[INPUT DATA — start]

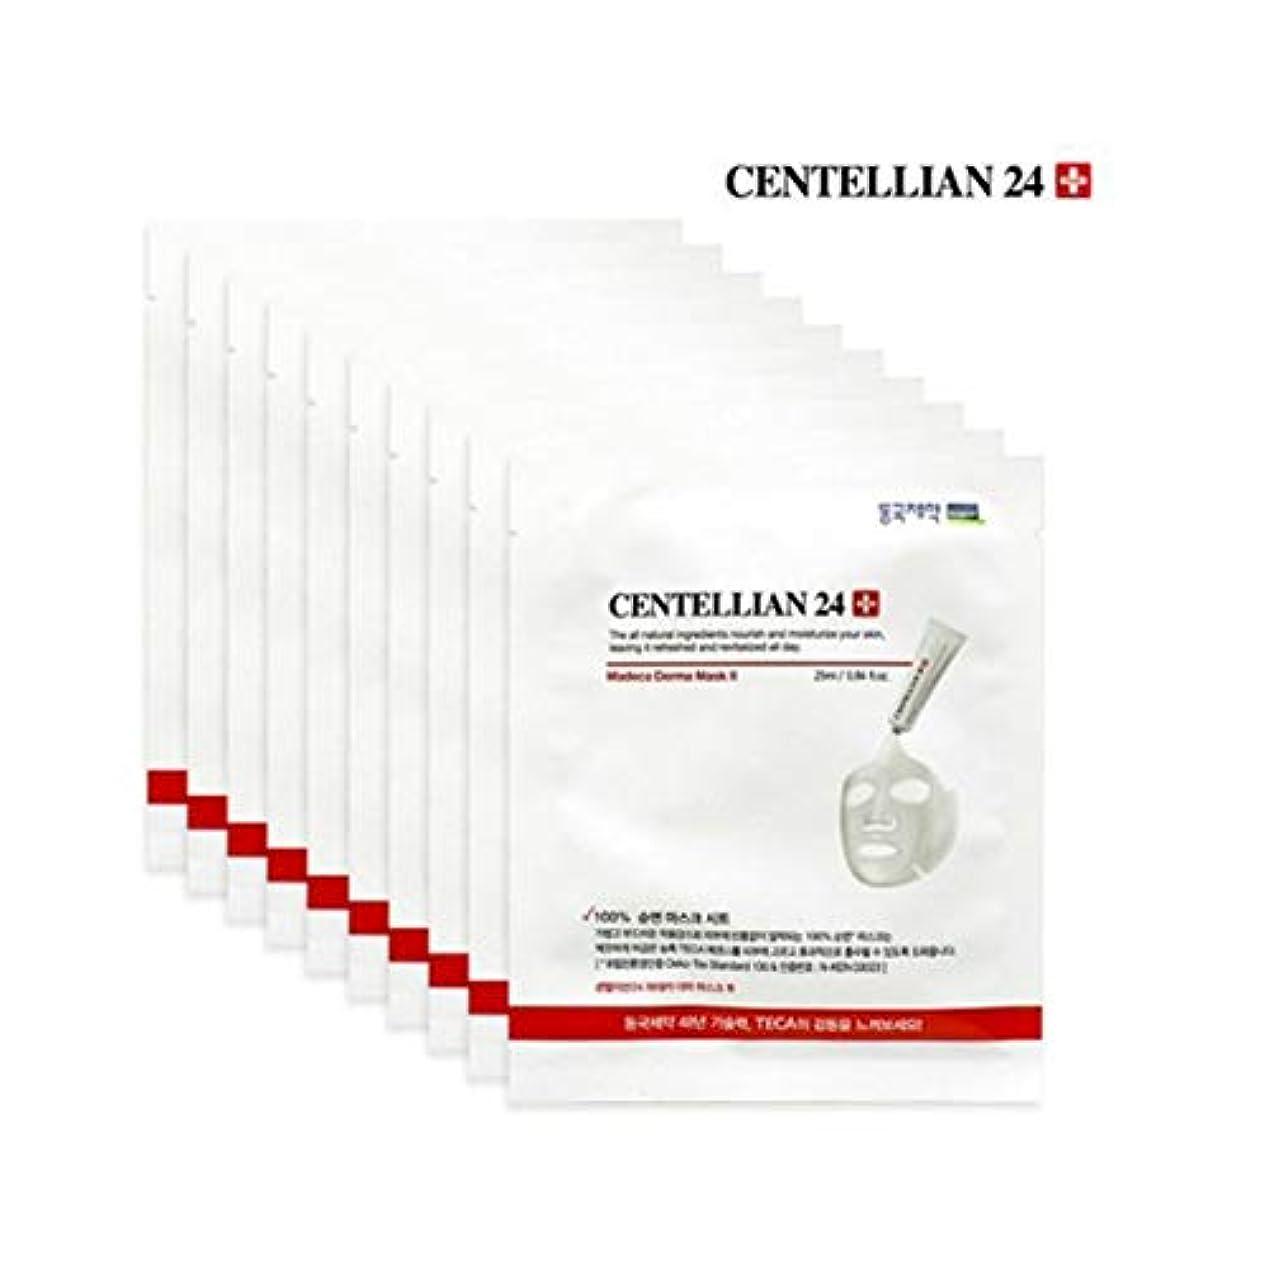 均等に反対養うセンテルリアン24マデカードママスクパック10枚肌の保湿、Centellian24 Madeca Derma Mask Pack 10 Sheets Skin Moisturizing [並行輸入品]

[INPUT DATA — finish]
[INPUT DATA — start]

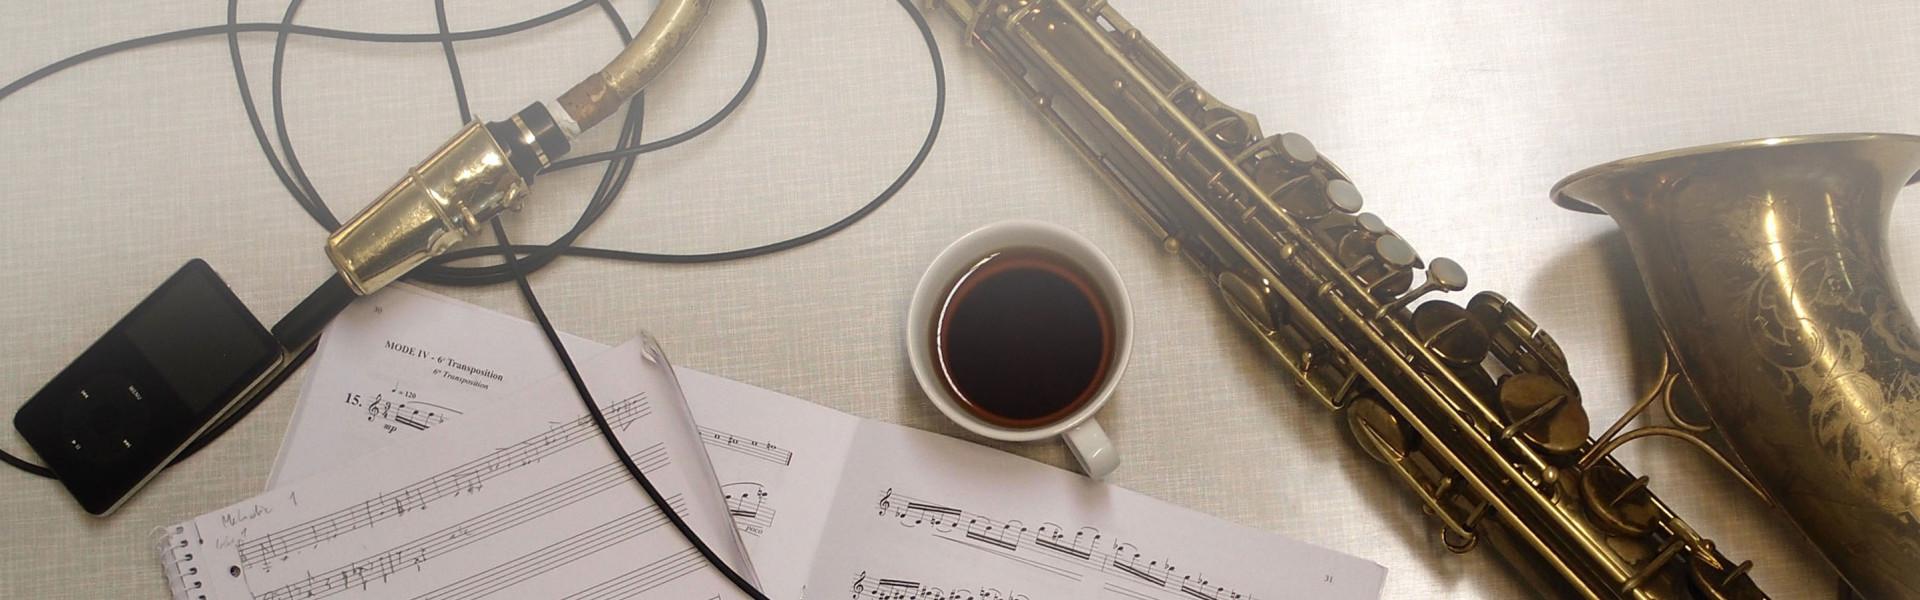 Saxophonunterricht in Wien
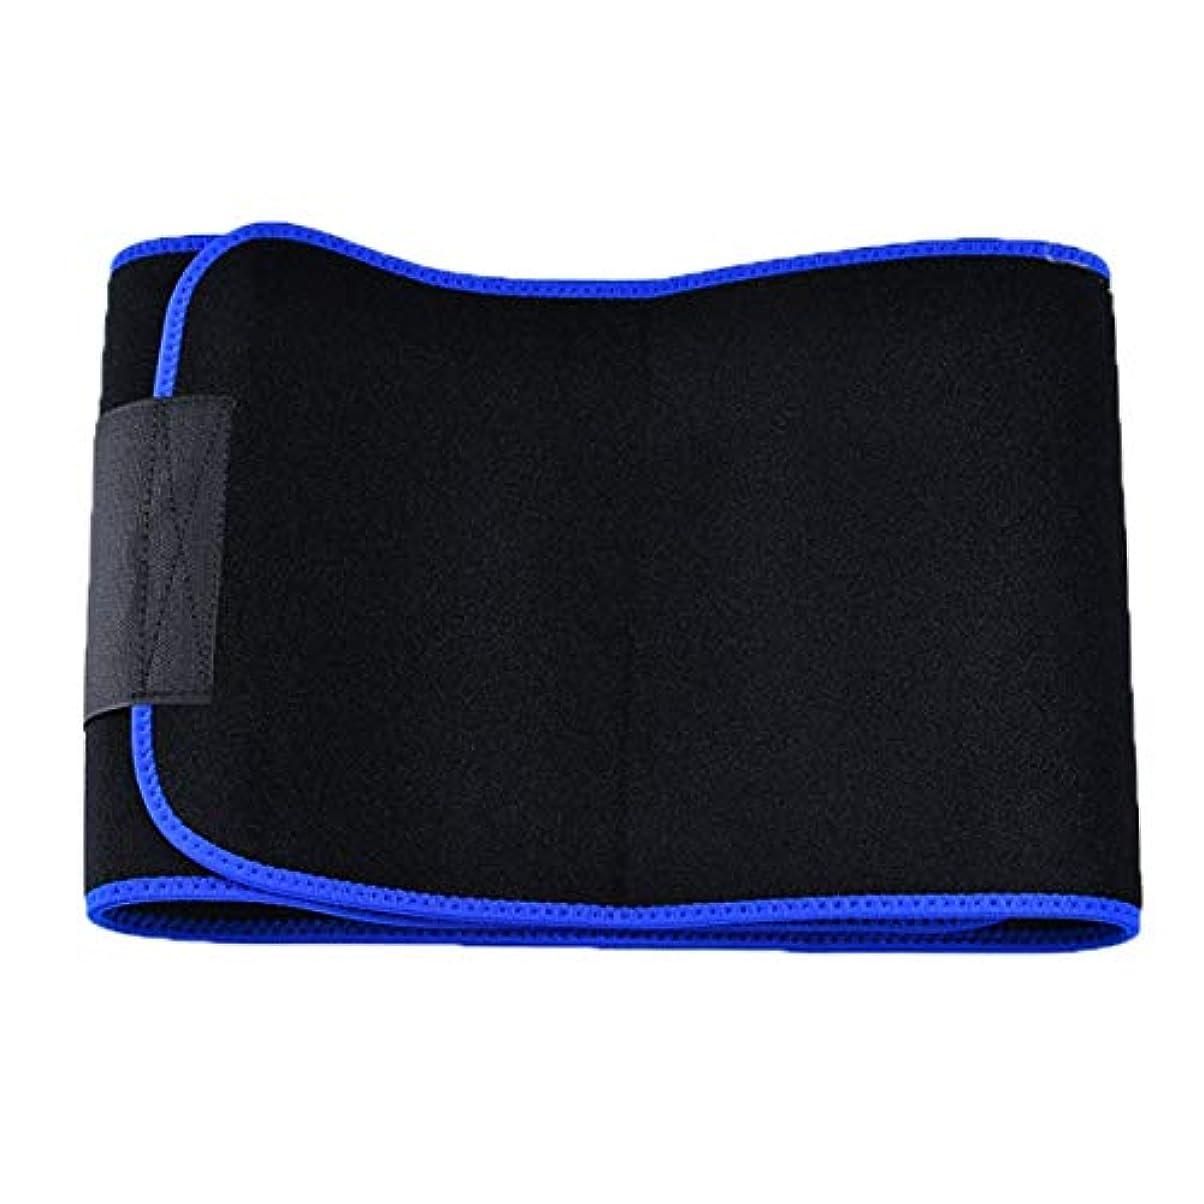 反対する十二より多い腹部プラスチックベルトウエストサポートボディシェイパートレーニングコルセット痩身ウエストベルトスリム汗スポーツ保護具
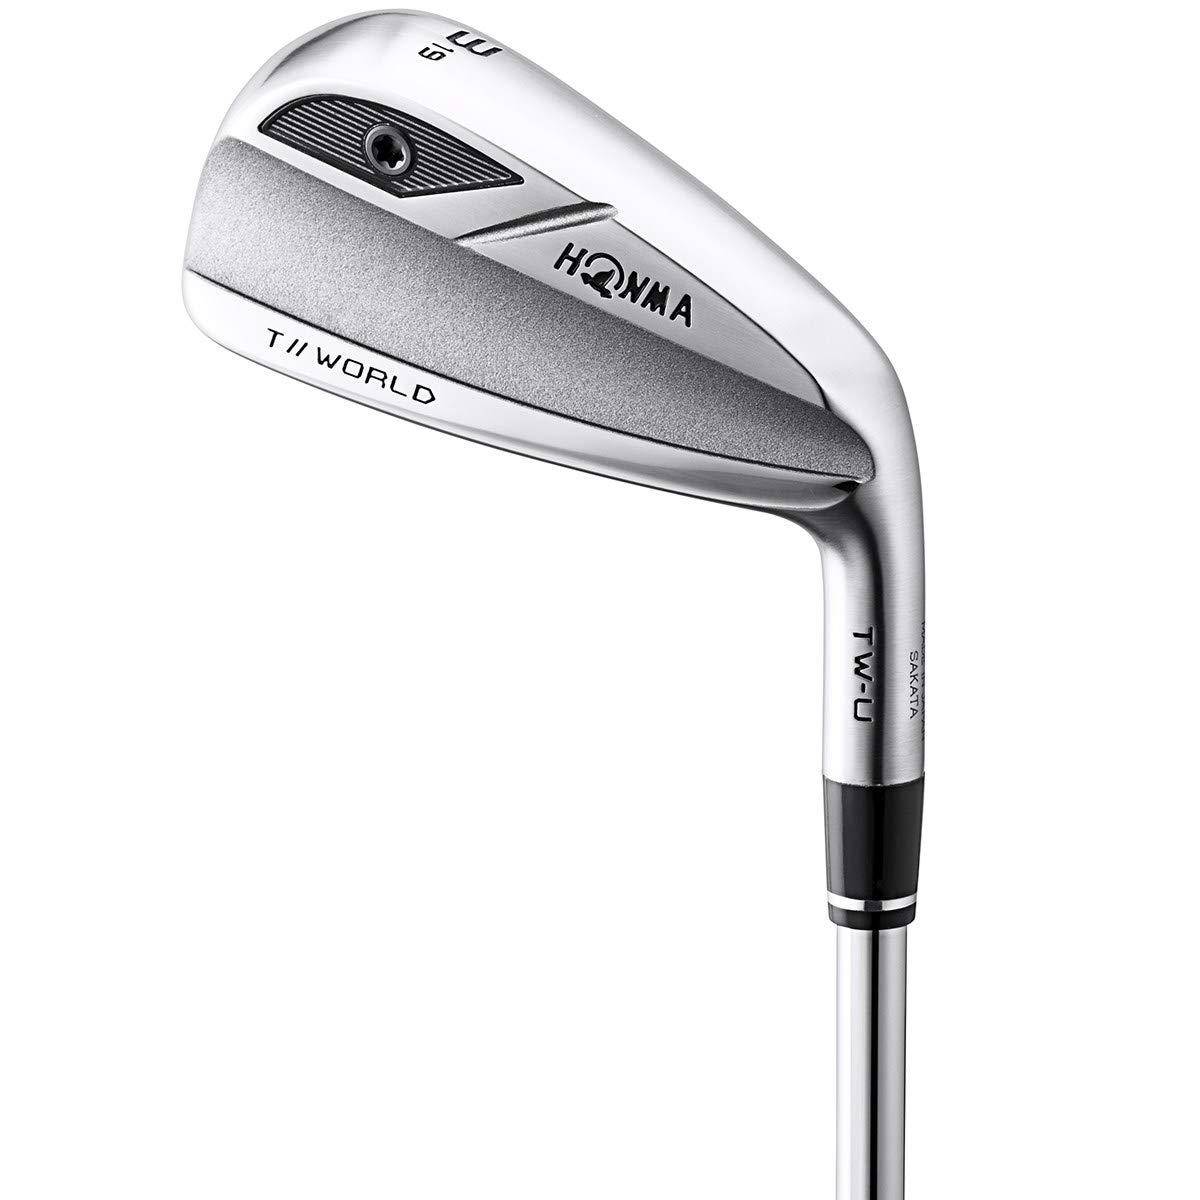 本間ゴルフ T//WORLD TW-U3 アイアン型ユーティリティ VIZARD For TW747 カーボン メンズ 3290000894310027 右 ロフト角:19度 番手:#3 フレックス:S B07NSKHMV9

[INPUT DATA — finish]

PROBLEM TO WORK ON: I'd like the lines above repeated exactly, from the one that contains "Saxophonunterricht in Wien" through the one that contains "本間ゴルフ T//WORLD TW-U3", with no pictures.

EXPECTED ANSWER:
 Saxophonunterricht in Wien
 反対する十二より多い腹部プラスチックベルトウエストサポートボディシェイパートレーニングコルセット痩身ウエストベルトスリム汗スポーツ保護具
 本間ゴルフ T//WORLD TW-U3 アイアン型ユーティリティ VIZARD For TW747 カーボン メンズ 3290000894310027 右 ロフト角:19度 番手:#3 フレックス:S B07NSKHMV9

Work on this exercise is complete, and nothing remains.